Review of Speak Like Churchill, Stand like Lincoln by James Humes

When I give a speech, it is usually on a technical topic that I know well. My approach is usually "just do it" with some prep work of 3x5'ing key ideas for practice. Reading this book, Speak Like Churchill, Stand like Lincoln, completely changed my mind.

This book, written awhile back in 2002, is a little out dated in the advice of clothes (power point number 3). I wish it has more examples from women speakers (Margaret Thatcher was quoted a few times). Other then those minor issues, the 21 power tips are helpful.
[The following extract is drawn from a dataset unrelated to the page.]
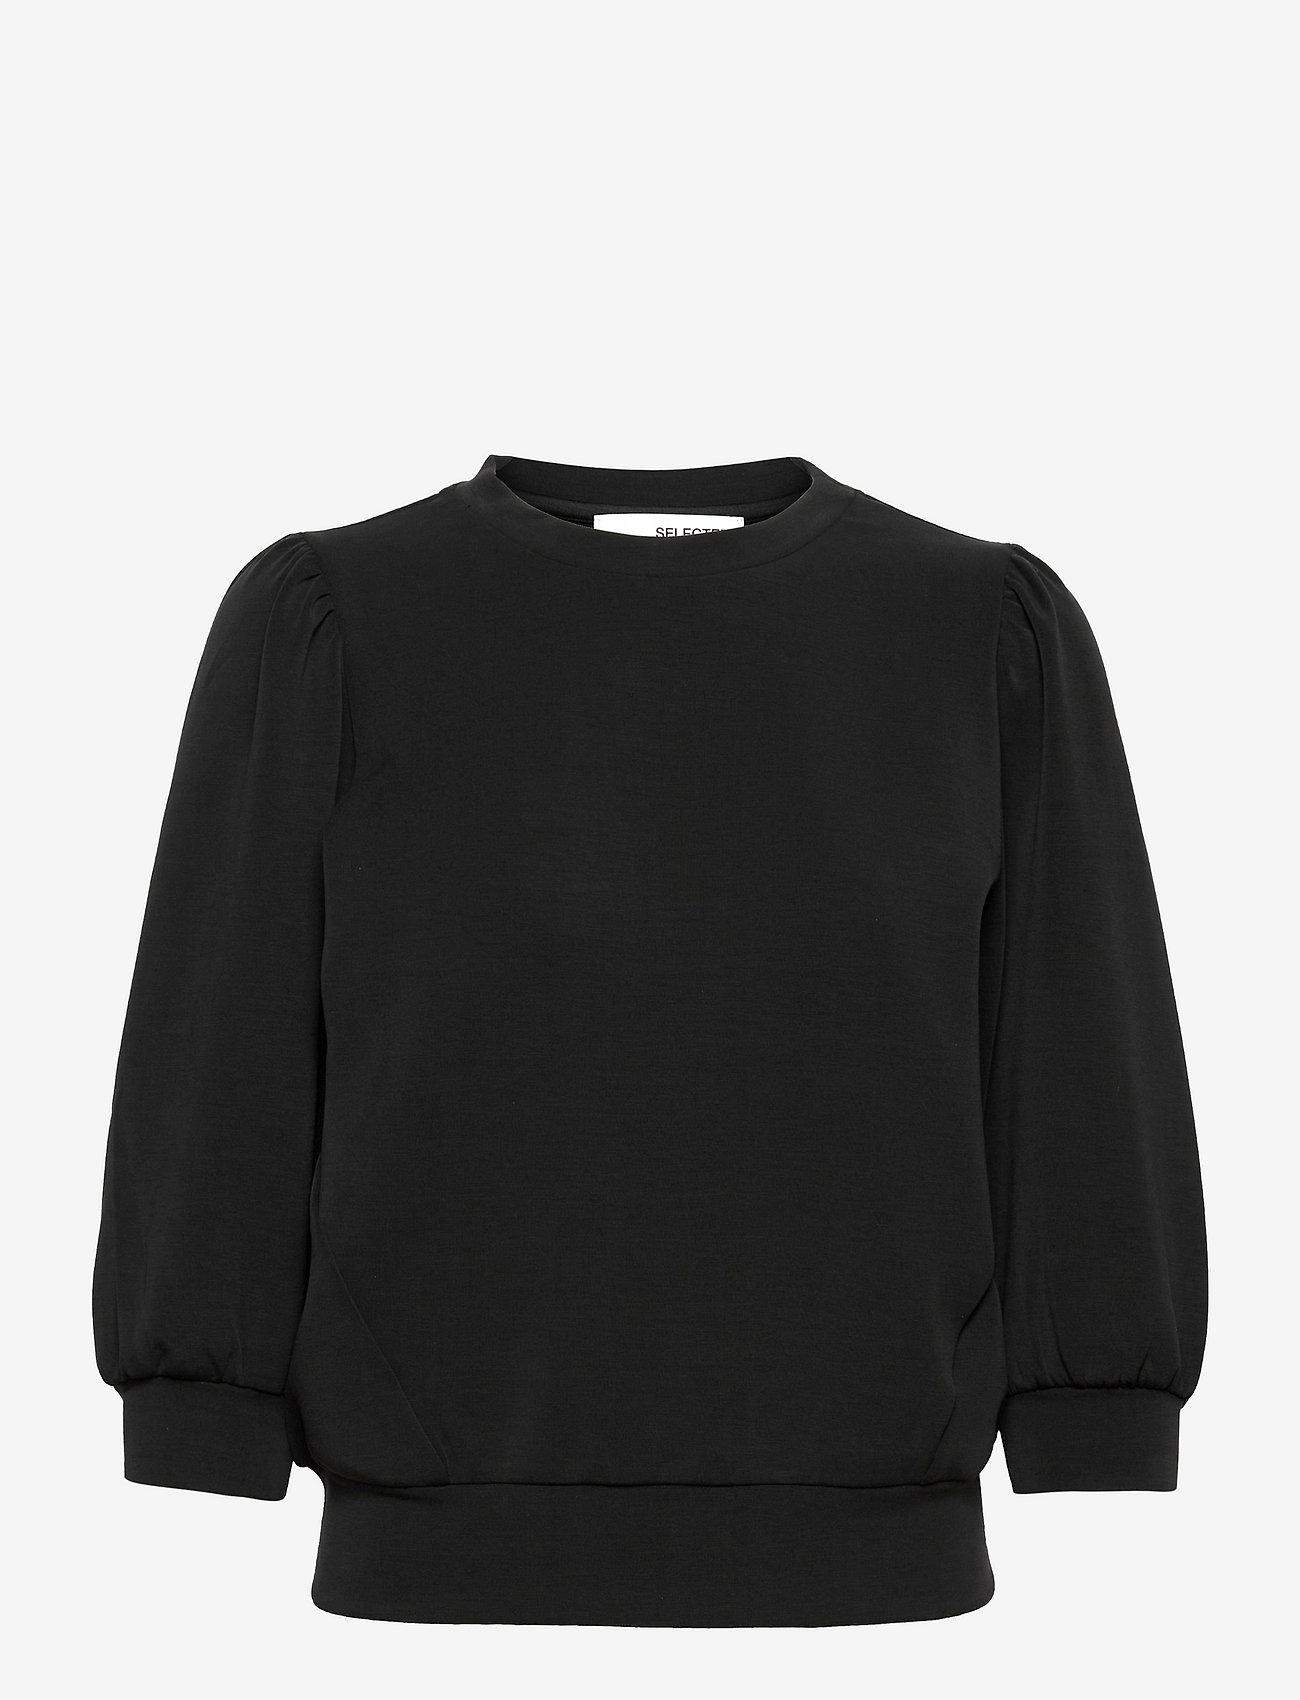 Selected Femme - SLFTENNY 3/4 SWEAT TOP - sweatshirts - black - 0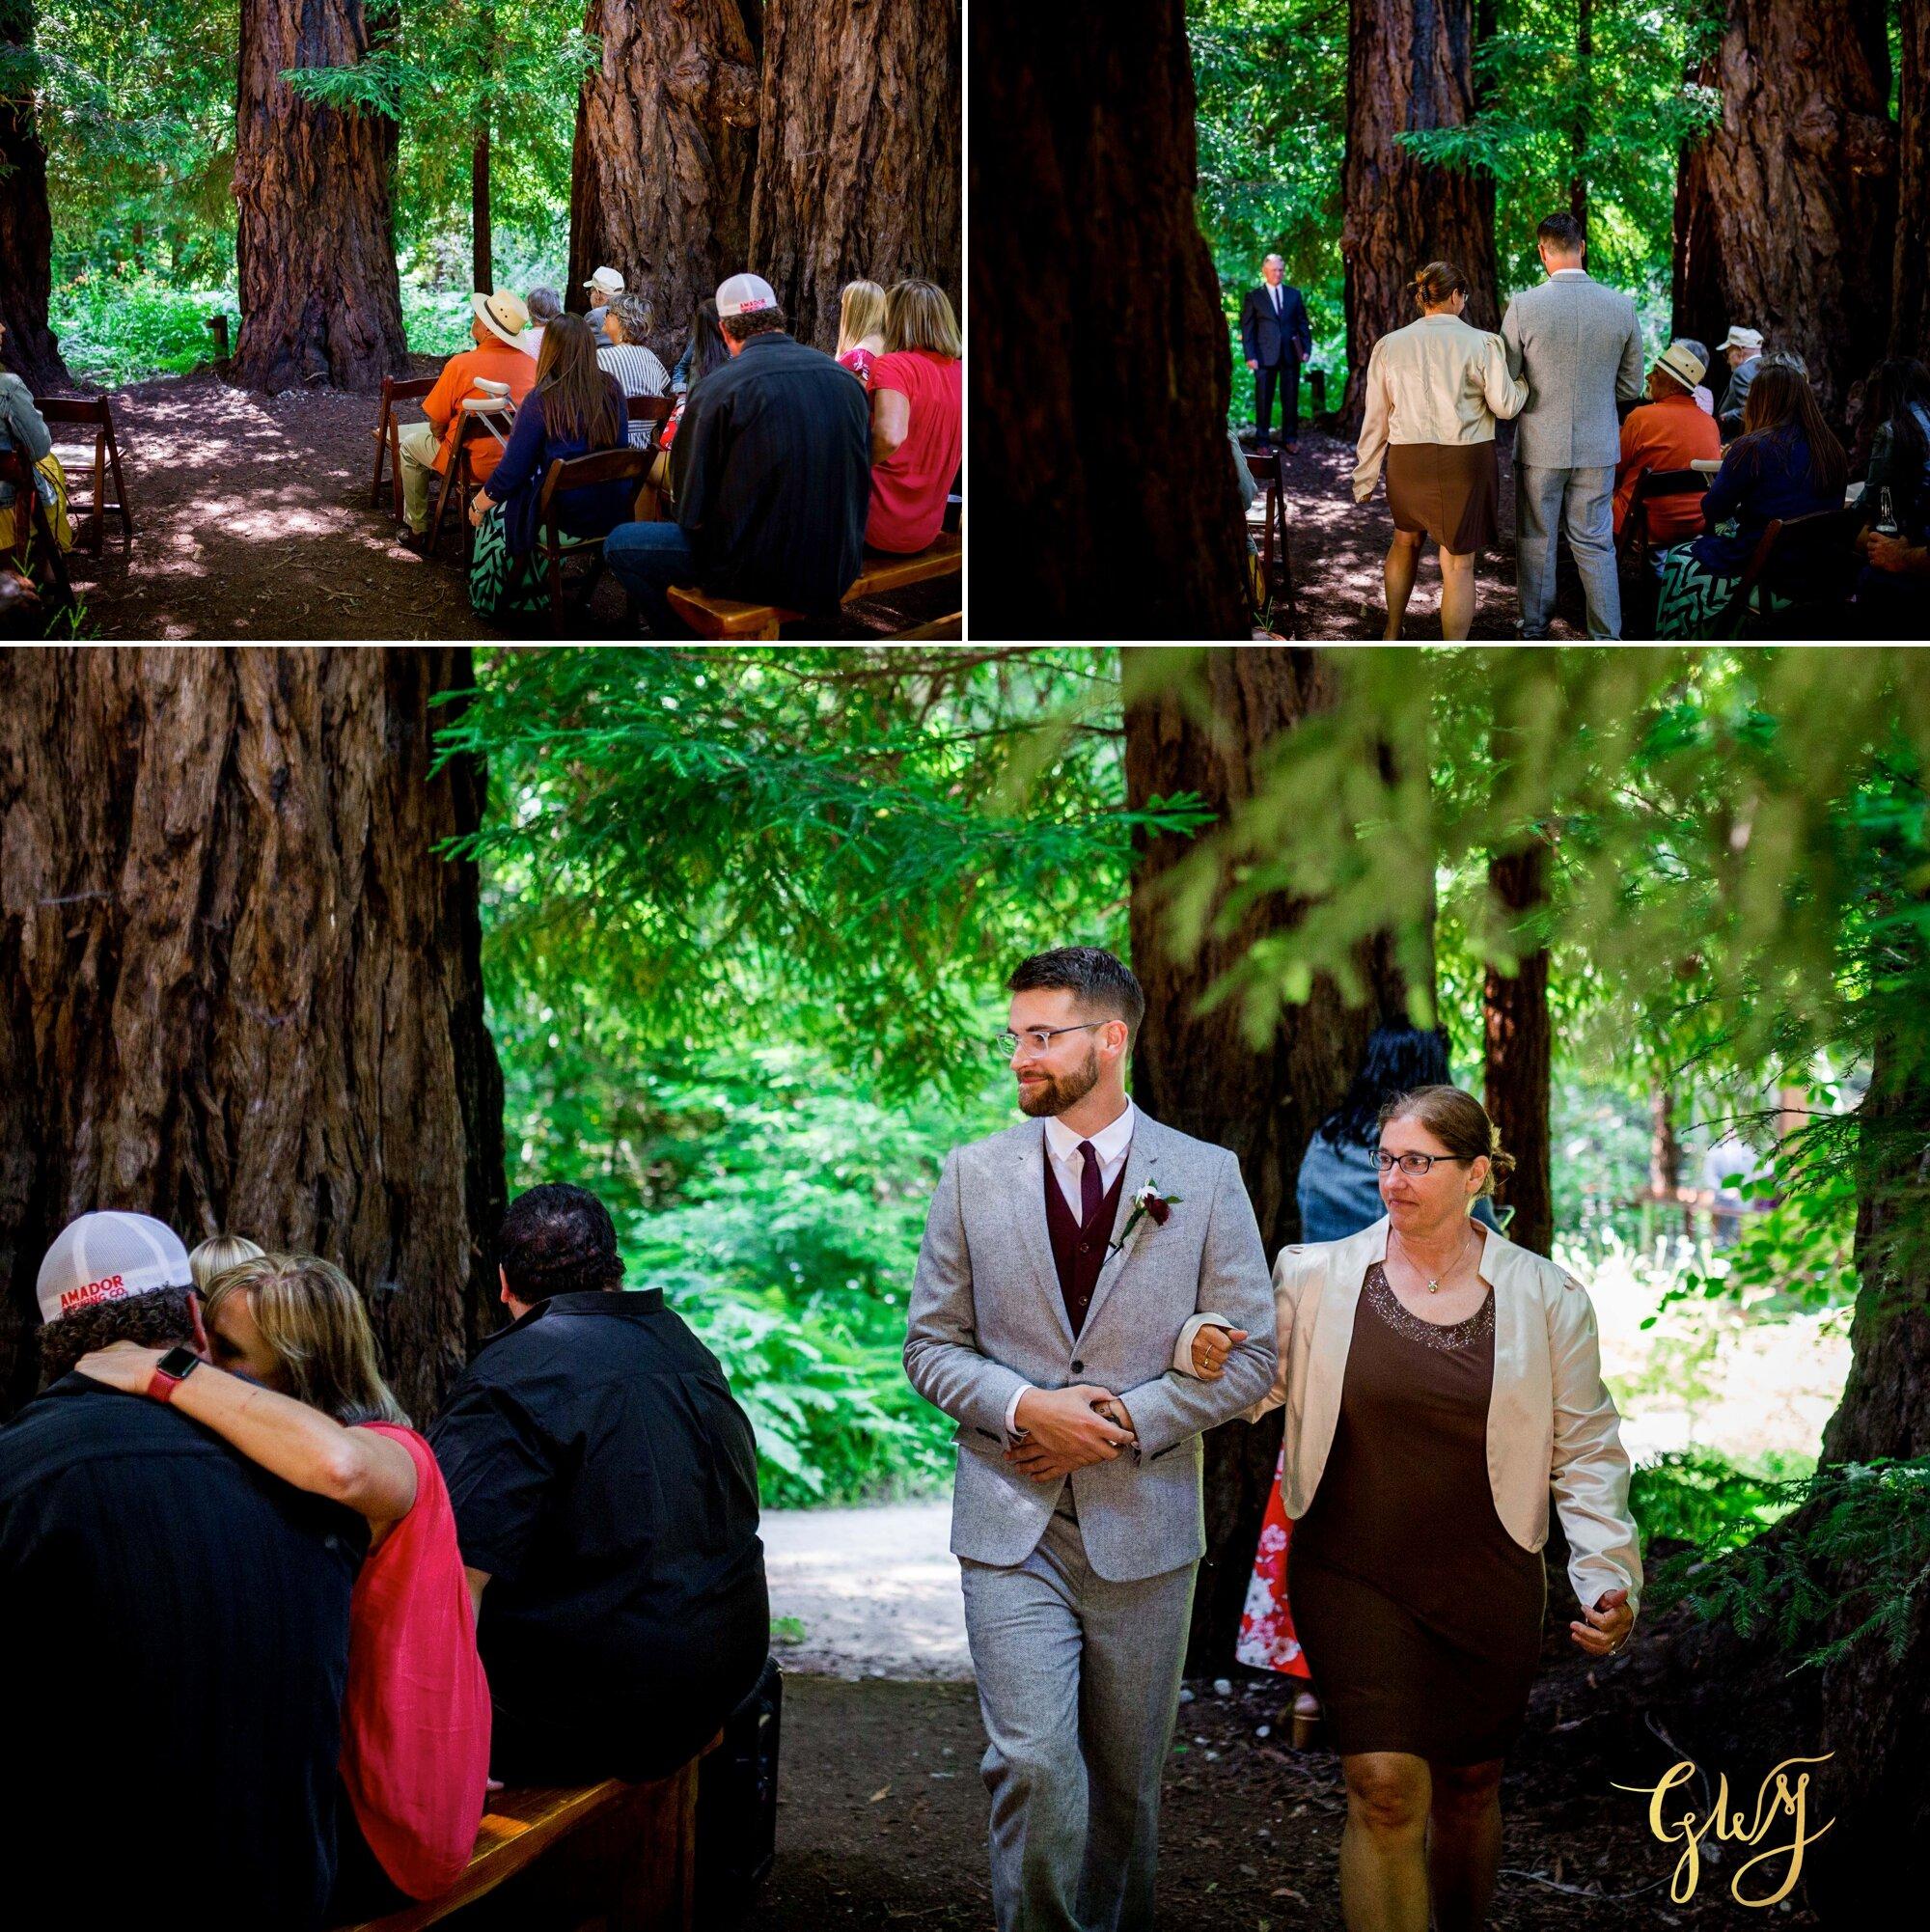 Casey + Jordan's Intimate Big Sur Elopement in the Redwoods by Glass Woods Media 31.jpg

Number 12 is the best.

Here is a short summary of them:

1. Power Pause

  • Start your speech with a pause
  • Generate anticipation
  • Amplified authority

2. Power Opener

  • Do not starts with "It is a pleasure to speak at your event, thank you for inviting me...".
  • Start with something powerful

Example:

Churchill May 10, 1940, opened his talk to members of Parliament:

"I speak to you for the first time as Prime Minister in a solemn hou for the life of our country, of our Empire, of our allies and, above all, for the cause of freedom."

3. Power Presence

This is one of the chapter that did not appeal to me too much. It talked about choice of clothes, props and styles.

4. Power Point

  • "Find the message first and the words will follow" - Cato
  • Must find the one single key message and form the speech around it

5. Power Brief

  • less is more
  • tell a story, not a speech

6. Power Quote

  • Keep a collection of quotes
  • do not use unfamiliar quotes from unfamiliar authors
  • be comfortable with the quote
  • the name should be recognizable and quotations short, except if you frame a stage a unknown (personal?) quote
  • Cross quote (your opponent)

7. Power Stat

  • statistics, on their own, is not useful
  • reduce, round and relate the statistics
  • compare to the familiar

8. Power Outage

  • do not relying on props (slides, etc)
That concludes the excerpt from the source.